U.S. Bans Some Cellphones For Patent Reasons
runner_one writes "According to the New York Times, A federal agency has banned imports of new cellphones made with Qualcomm semiconductors because the chips violate a patent held by Broadcom. The International Trade Commission said today that the import ban would not apply to mobile phone models that were imported on or before June 7." Update: 06/08 13:05 GMT by KD : Glenn Fleishman notes that Apple's iPhone will be allowed into the country, since it doesn't use any 3G chips. He adds that Apple "might have the most advanced smartphone on the market unless President Bush or his trade representative overturn the ruling (which they have the power to do)."
That fine i'm pretty sure some other countries will take them cheap phones!
If you mod me down, I will become more powerful than you can imagine....

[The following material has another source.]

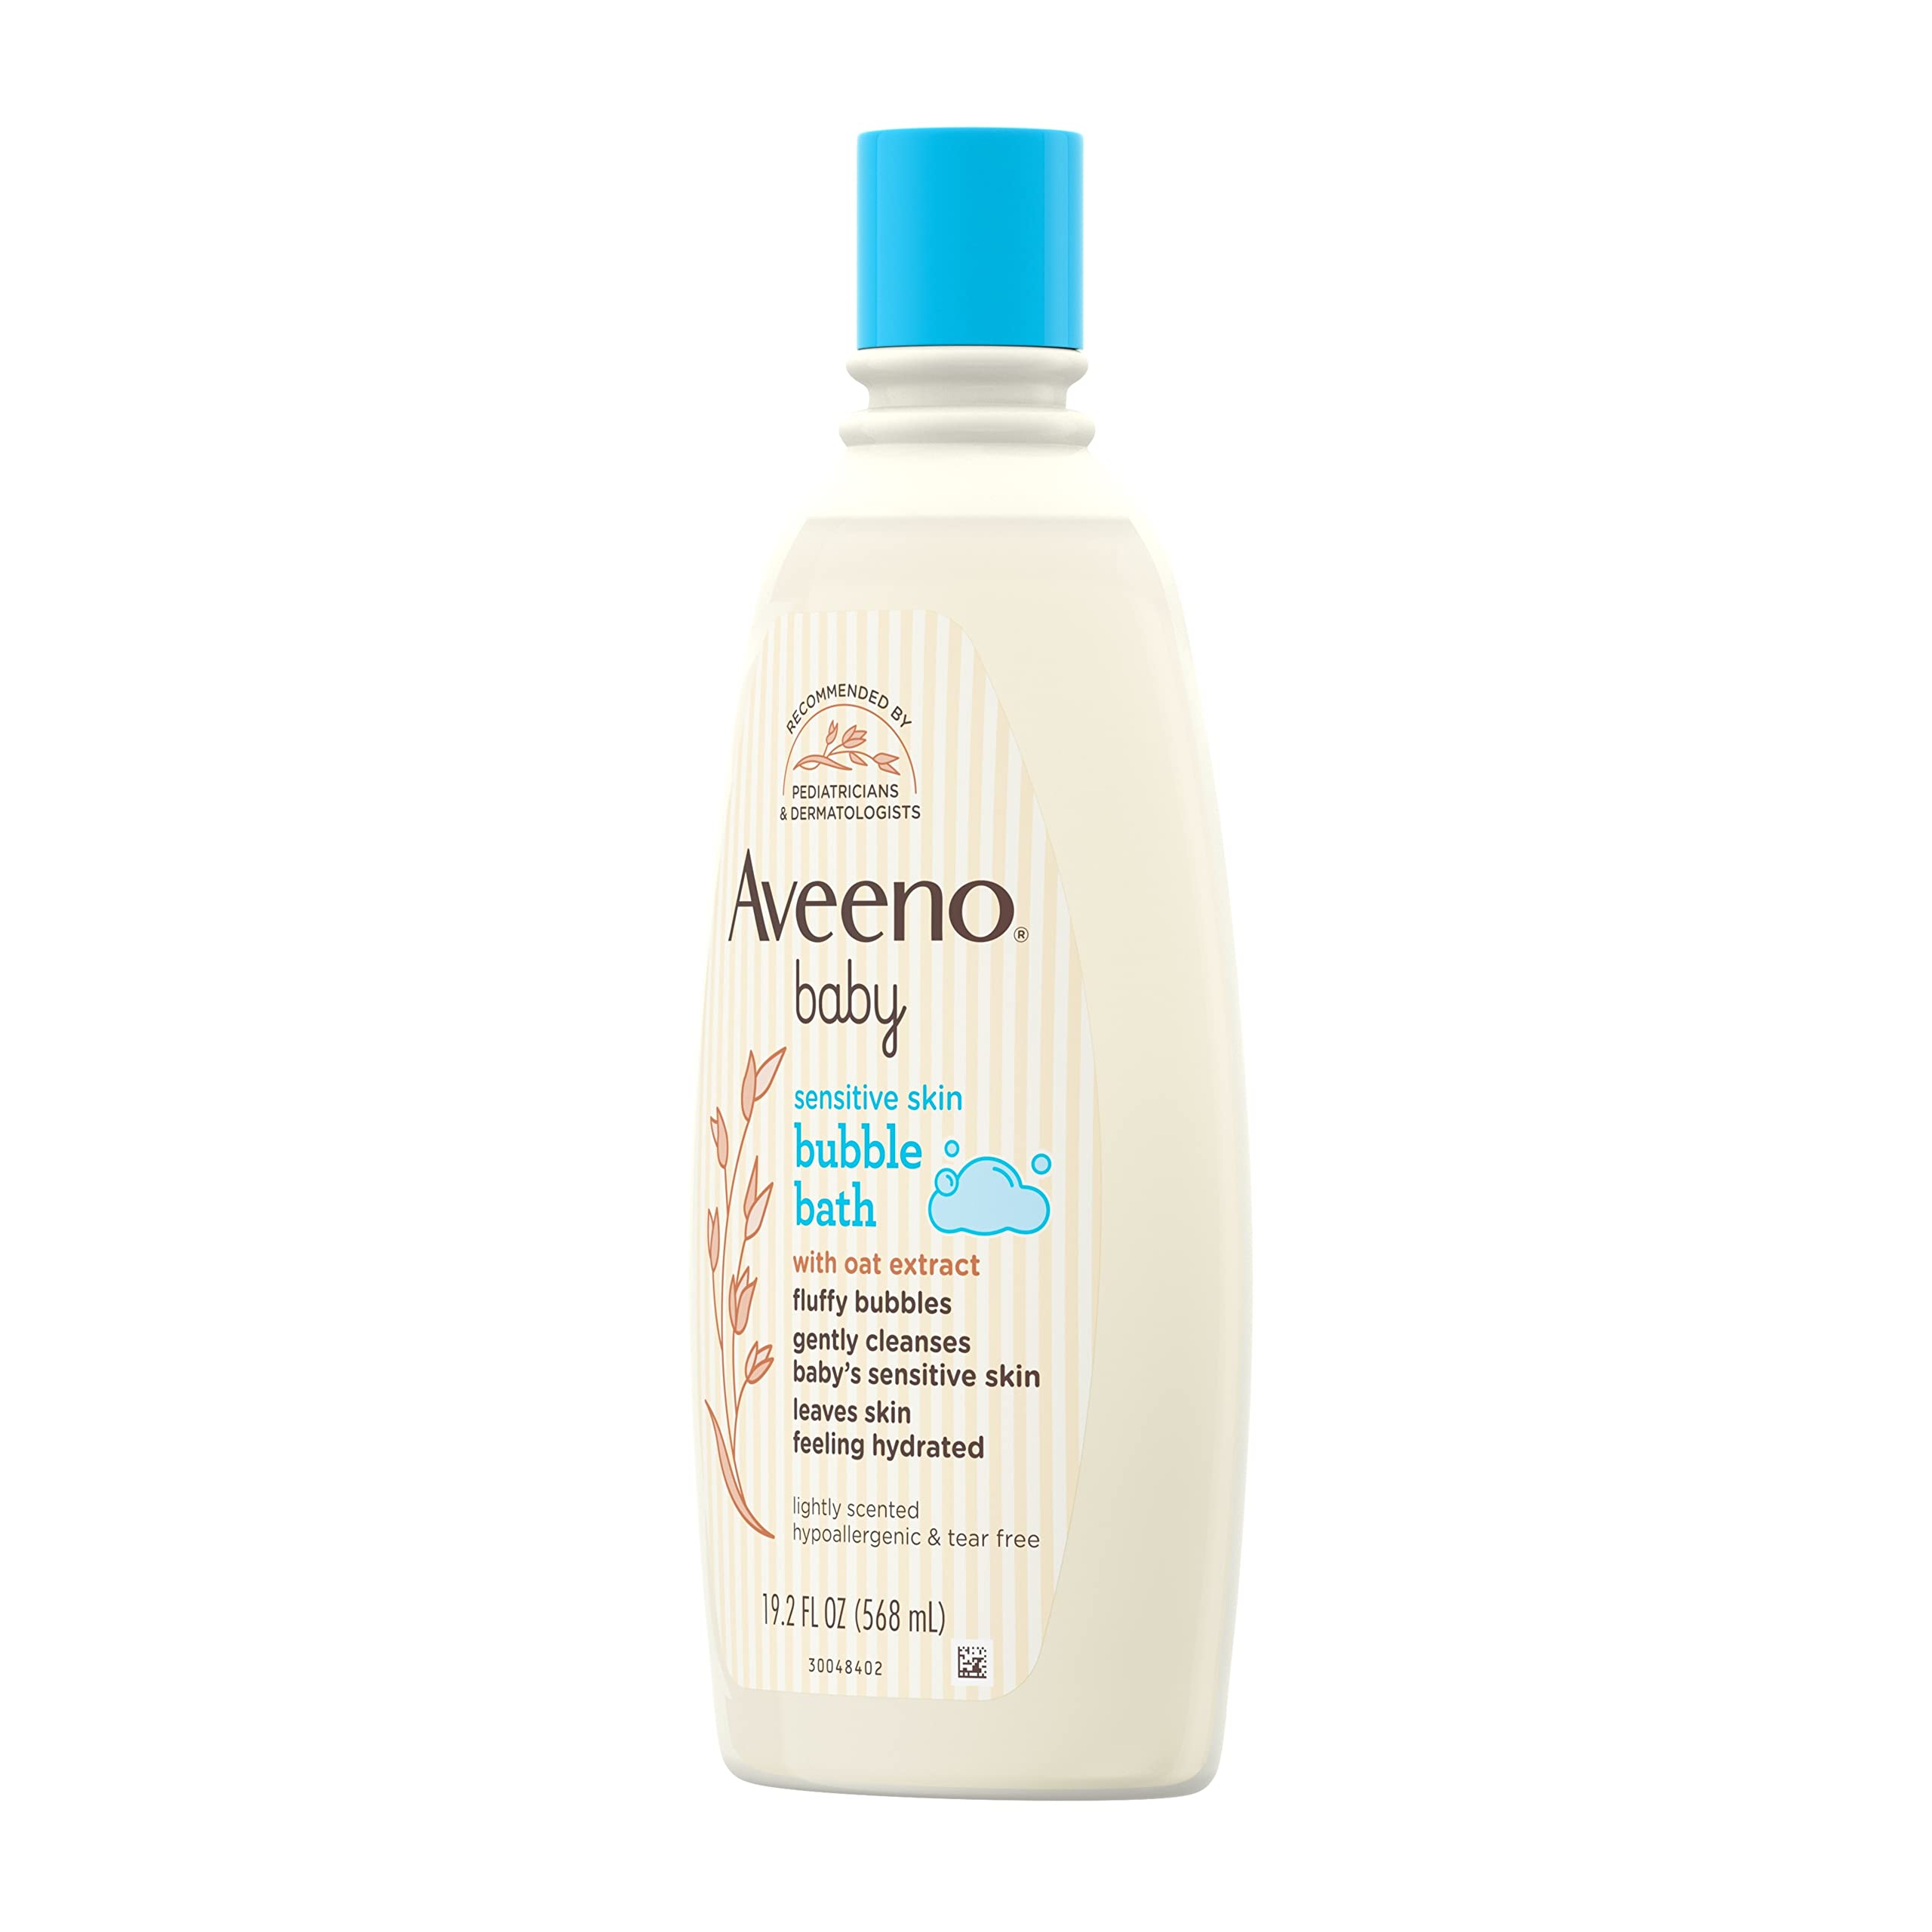 Aveeno Baby Sensitive Skin Bubble Bath with Oat Extract, Gently Cleanses and Leaves Skin Feeling Hydrated, Tear-Free Formula, Hypoallergenic, Paraben-, Phthalate-, Soap- & Dye-Free, 19.2 fl. Oz

Play with patent fire and you're going to get burned. Remember Qualcomm suing Nokia?, Qualcomm suing GTE Wireless, Qualcomm suing Maxim, Qualcomm suing Motorolla, Qualcomm suing Ericsson, Qualcomm suing Broadcom?
Everytime a large corporation loses a big case like this, I feel we're a step closer to sane patent reform. Hopefully someone will win a patent against Broadcomm next.
There are shills on slashdot. Apparently, I'm one of them.
I am wondering how this might effect travelers arriving in the US with such a phone. I would imagine only a vanishingly small minority would have any idea what semiconductors powered their phone. It would certainly be a shock to arrive and have your phone confiscated.
being prompty arrested for violating the dmc-whatever.
To boldly use to and too two times and get it right too! They're not gonna believe their eyes when they see it there!
Maybe I'm just on the left side of the bell curve, but what technology exactly is effected by this ruling? What phones use these chips? I haven't seen very many qualcomm phones so I assume others are using their chips...
Get a web developer
Every time they issue a patent that's later invalidated, they should pay compensation for issuing the patent.
The problem here, has and always will be the over willingness of the patent office to issue patents when the invention preexists but is not documented publicly, or where it's a minor increment of an existing variation. It's in the law that they have to test for obviousness and prior art, but they so narrowly define those terms as to remove the tests.
The free market will fix it, make them pay for their mistakes just like every other professional body.
It says that it found a violation on U.S. Patent No. 6,714,983. Here's the link to the patent.
One thing to note is that the ITC investigates and makes recommendations to congress and the president. It's not actually a court of law or policy making body. So I think this from the article: isn't really true. Especially when later in the article it states that the government has 60 days to approve or overturn the order made by the ITC.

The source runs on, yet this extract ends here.